▶ **What you should do**
Below are records with pictures in them. Output exactly the lines from the one with "Jordan 1 Retro" through the one with "flip presentation (powerpoint", both included, and leave every picture out; give only those lines.
### Given records
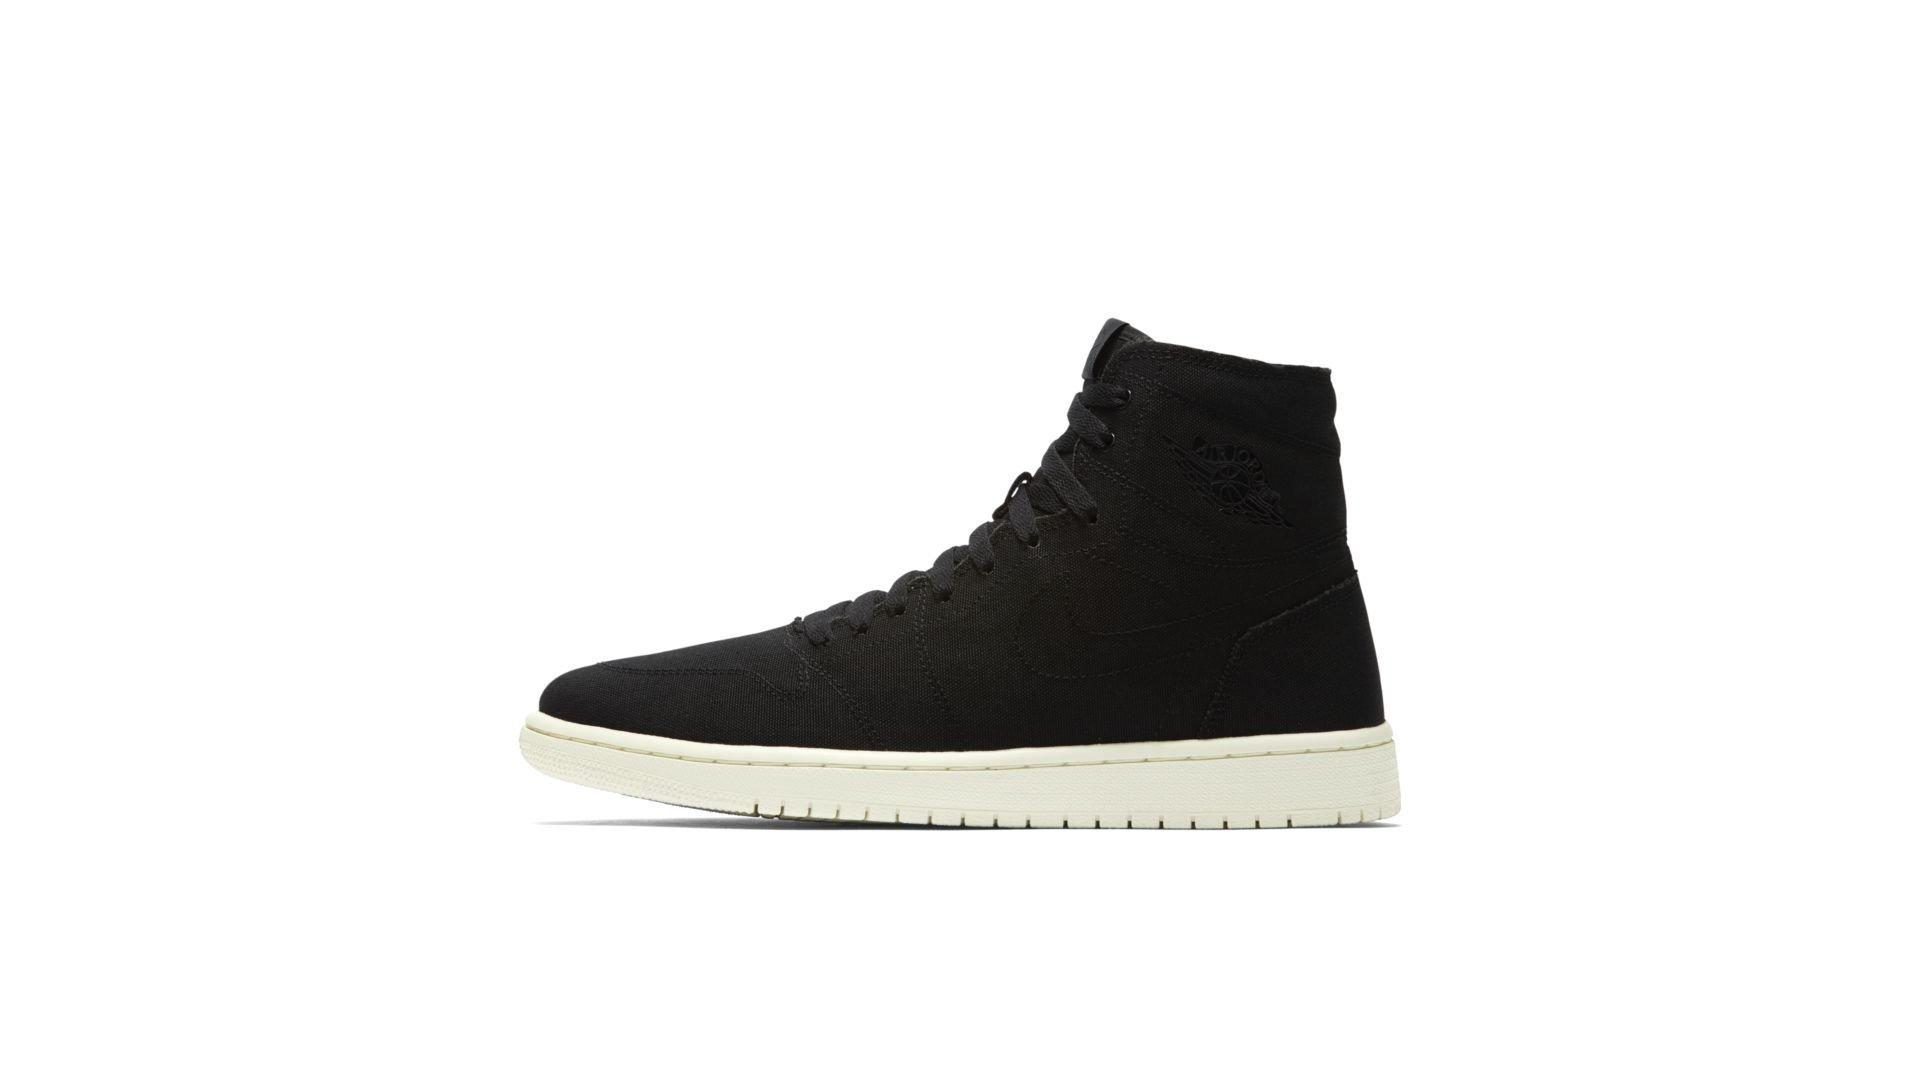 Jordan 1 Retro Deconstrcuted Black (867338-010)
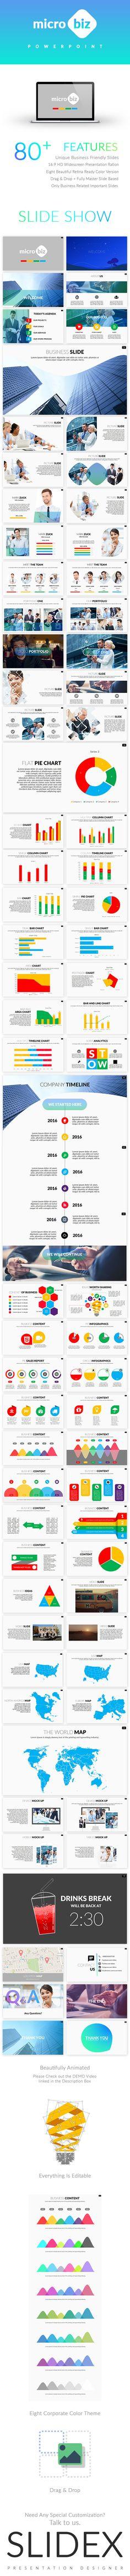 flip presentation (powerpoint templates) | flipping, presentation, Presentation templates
######
### Given records
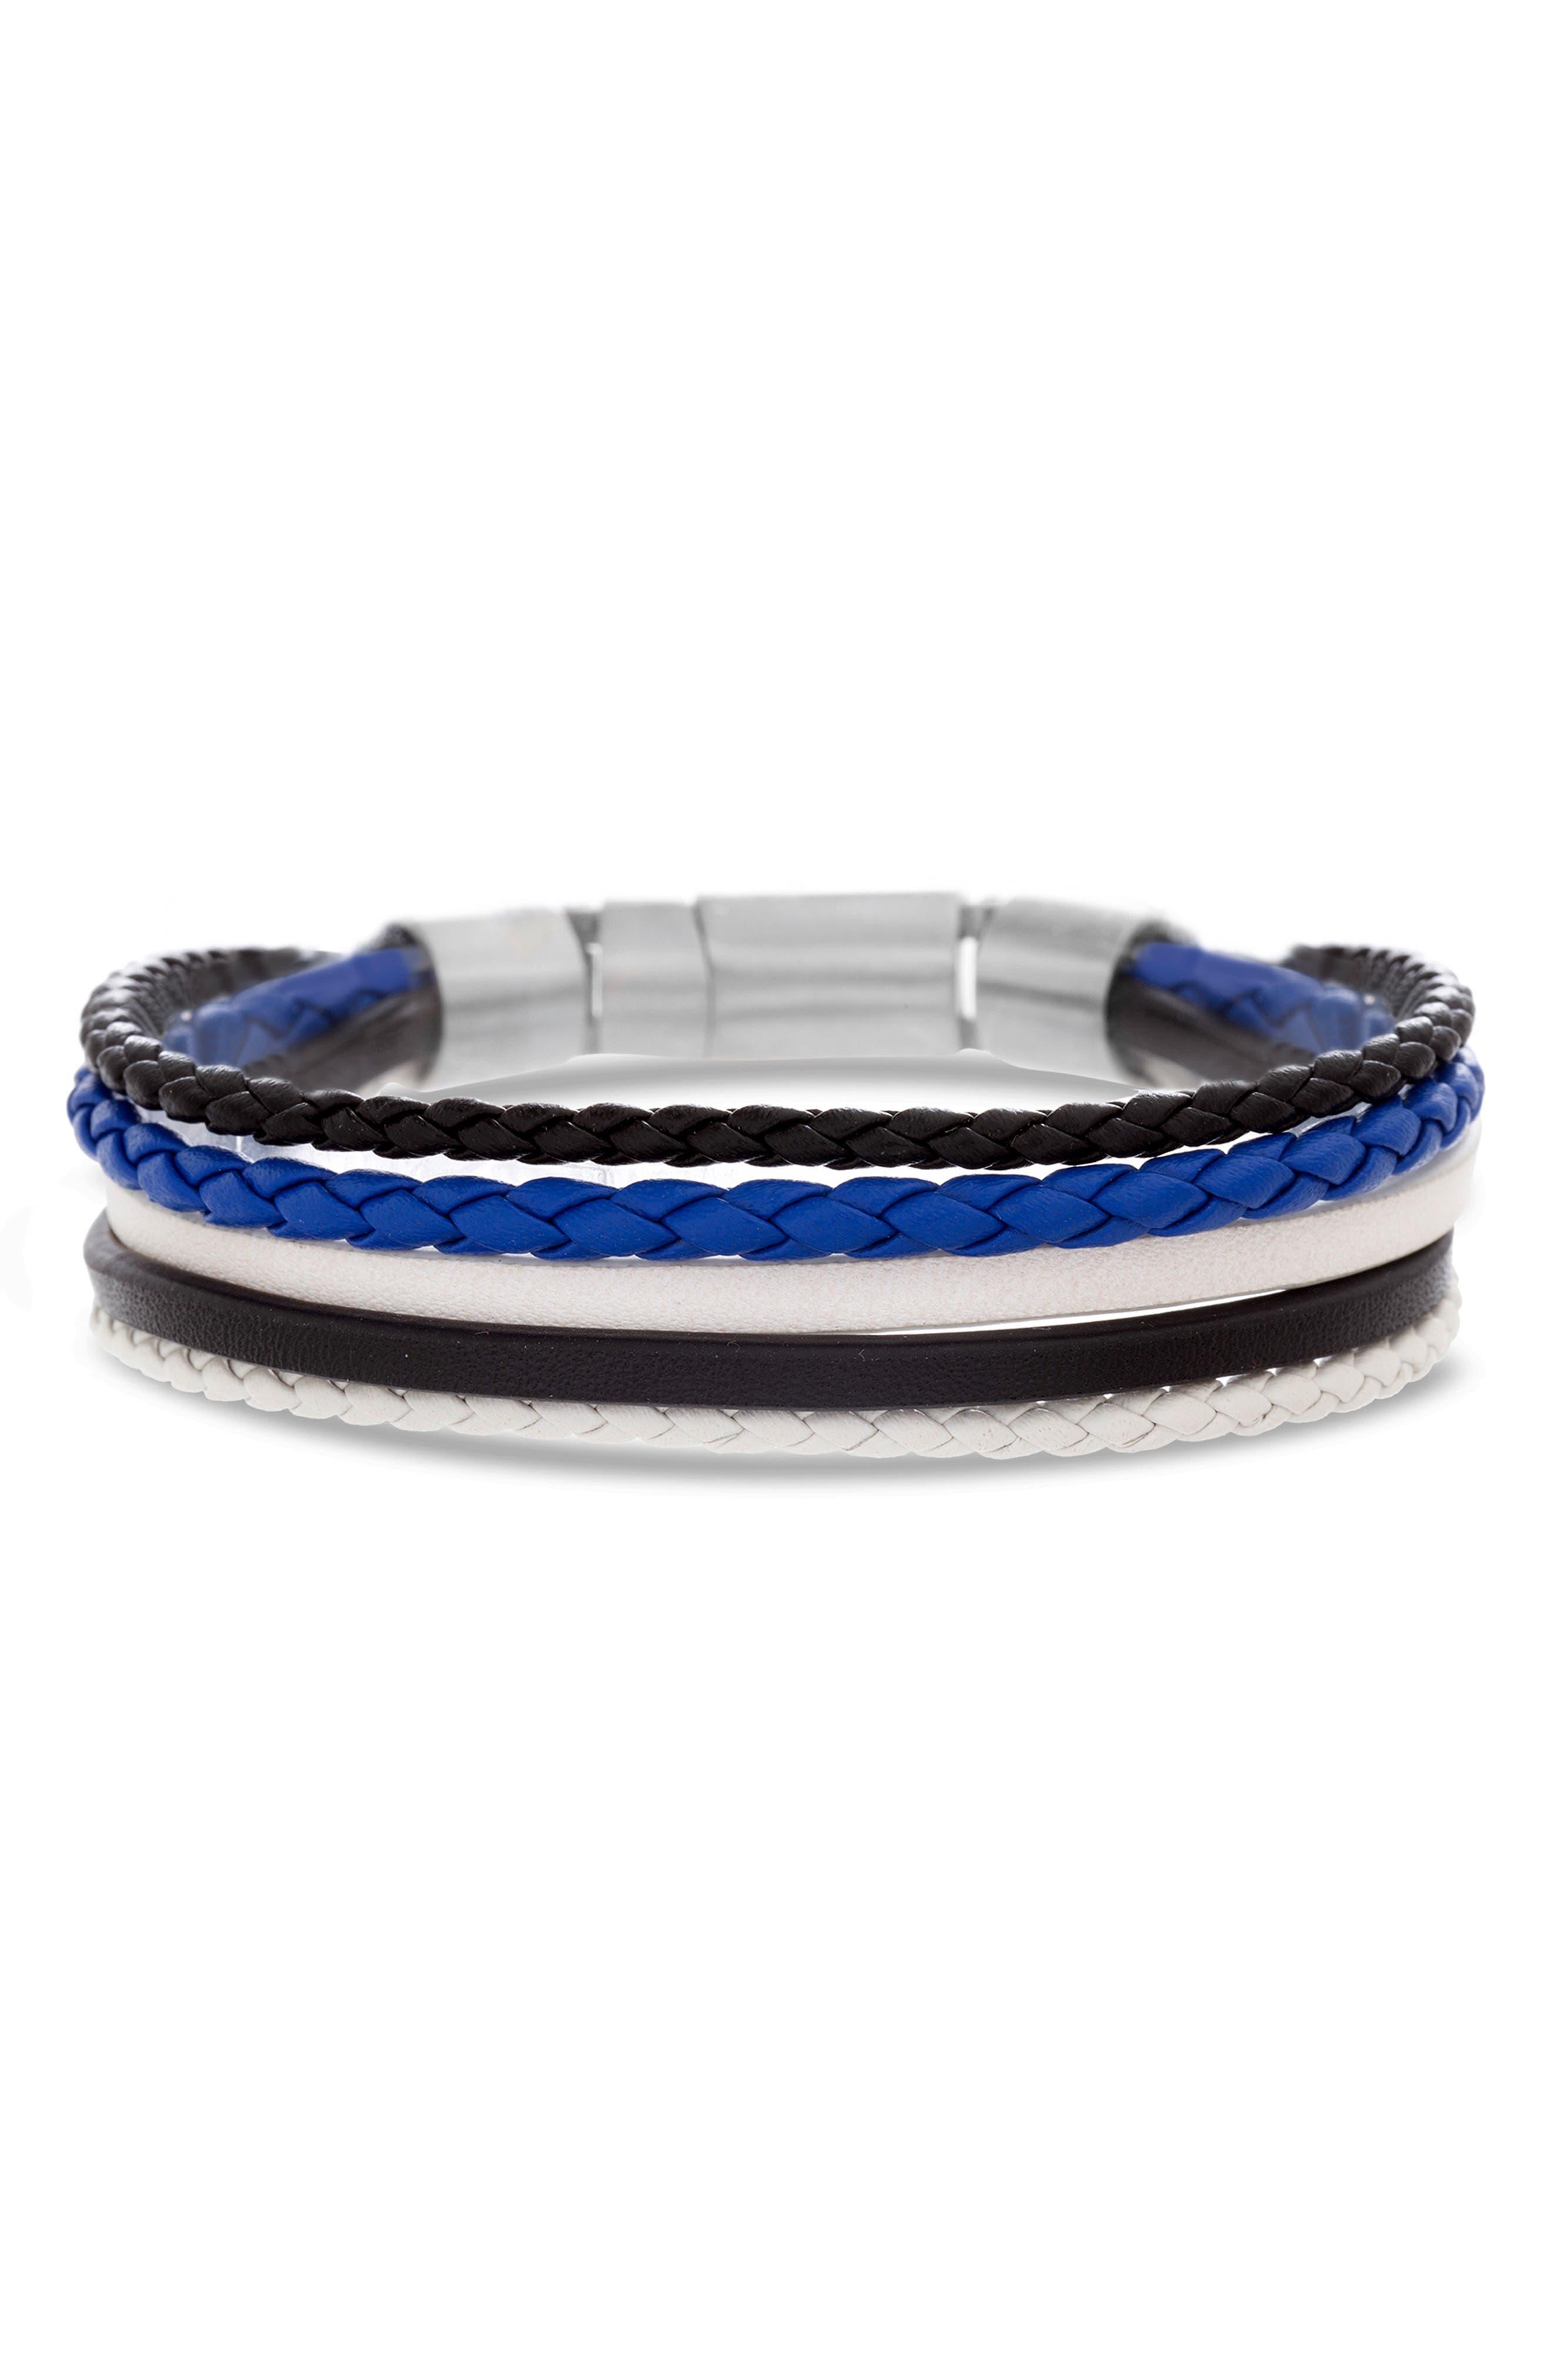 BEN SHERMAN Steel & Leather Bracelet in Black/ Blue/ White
######
### Given records
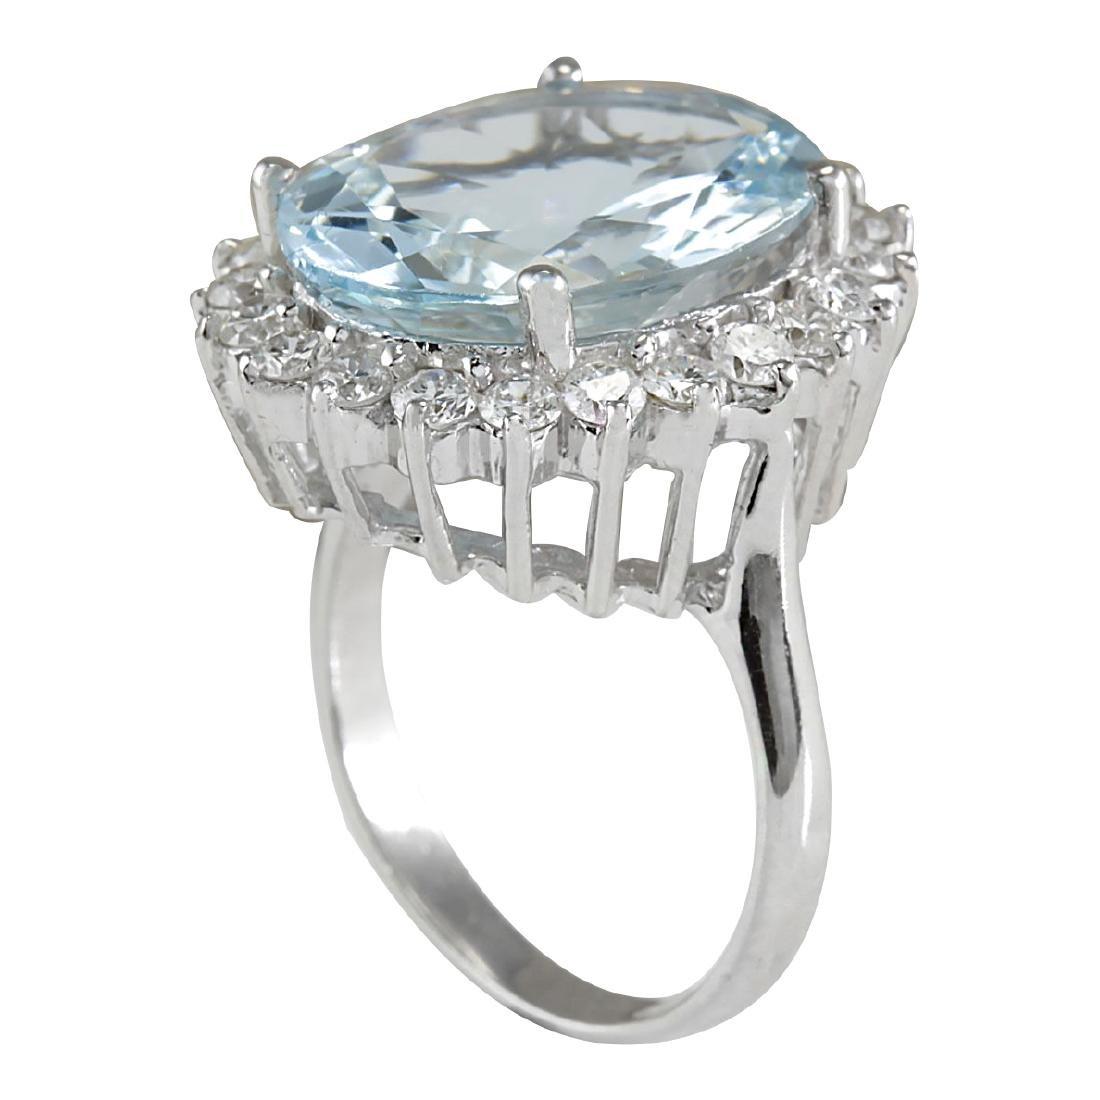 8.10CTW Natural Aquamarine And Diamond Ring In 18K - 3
######
▶ **Response**
 Jordan 1 Retro Deconstrcuted Black (867338-010)
 flip presentation (powerpoint templates) | flipping, presentation, Presentation templates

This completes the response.